VAT groups - protection of the Revenue: the use of the revenue protection powers
The definition of the words “for the protection of the revenue” as used in sections 43B(5) and 43C(1) and (2) were the subject of a hearing before the VAT & Duties Tribunal in March 1998. This was the case of the National Westminster Bank Plc and The Commissioners of Customs & Excise (LON/97/124).
The decision confirmed that the Commissioners can exercise their powers to protect the revenue in any circumstances where they are satisfied that there is a significant revenue loss, regardless of whether it was demonstrably the intention of the companies involved to reduce their tax liability by use of the grouping facility provided we have carried out the evaluation required.
However, it is important not to use the revenue protection powers when the revenue loss follows from the normal operation of grouping.
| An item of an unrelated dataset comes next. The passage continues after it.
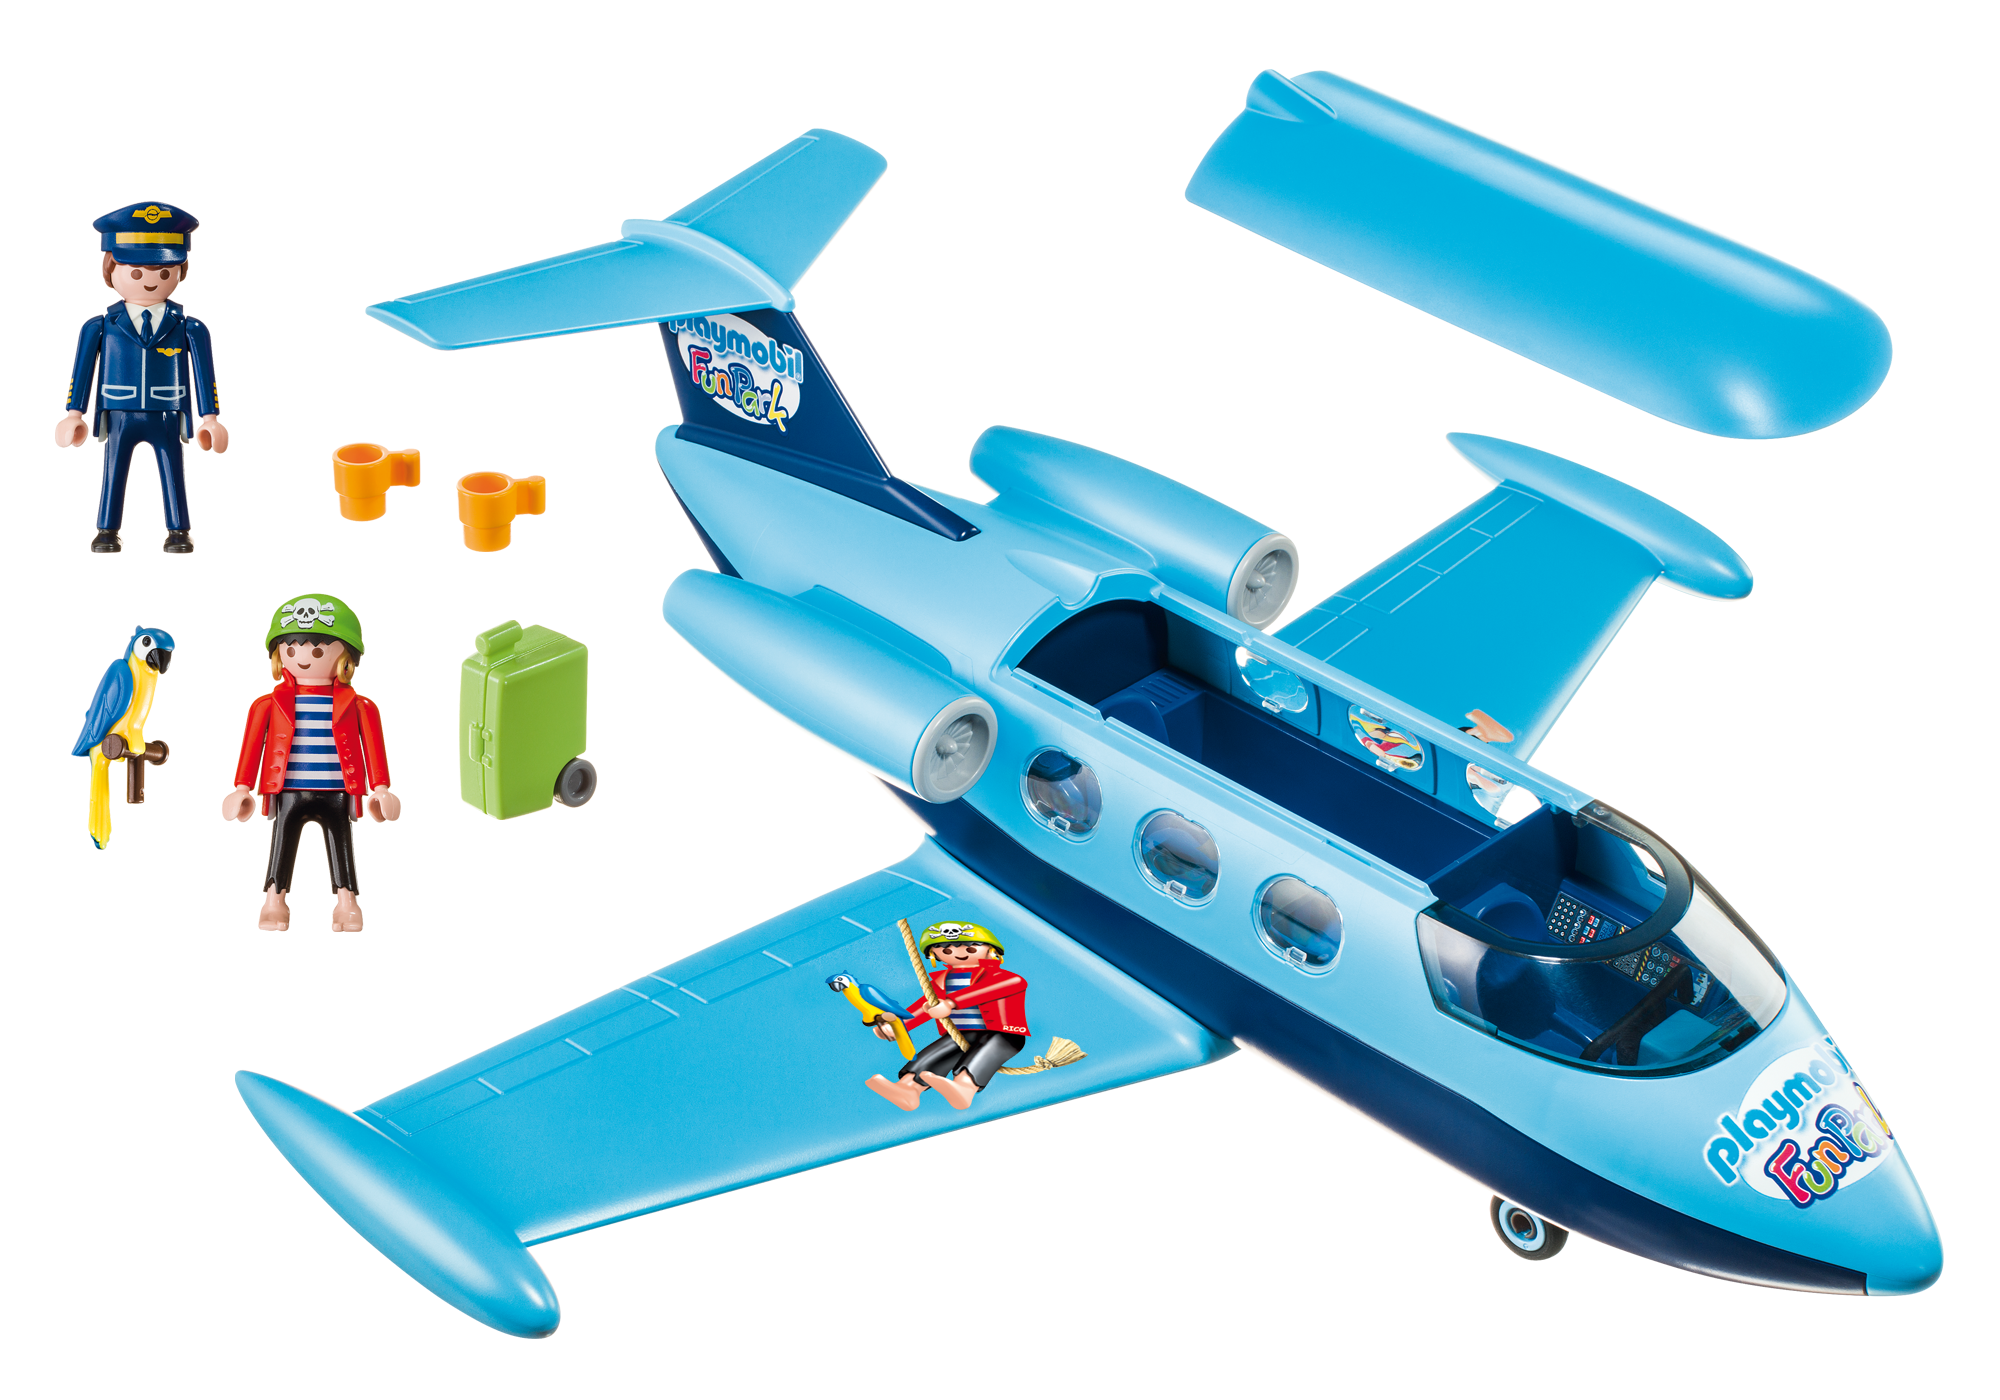 avion polystyrène playmobil

By this, we mean that the “revenue loss” which occurs because VAT is eliminated on the value added by a group member, when a supply takes place between two group members.
This case confirmed that
“the phrase, “necessary for the protection of the revenue”, must be considered as a totality and involves a balancing exercise in which the Commissioners must weigh the effect on the appellant of refusal of grouping against the loss of revenue likely to result from grouping.”
On the question of dealing with the application, the chairman stated that:
“ … the proper course for the Commissioners to have followed would have been to write to the Appellant stating that they were considering whether to refuse the application and to invite further information [on the reasons given for the application], together with any other matters which the Appellant wished to be considered.”
The tribunal concluded that the Commissioners had not been reasonable in the exercise of their power to refuse applications for grouping for the protection of the revenue and allowed the appellant’s appeal.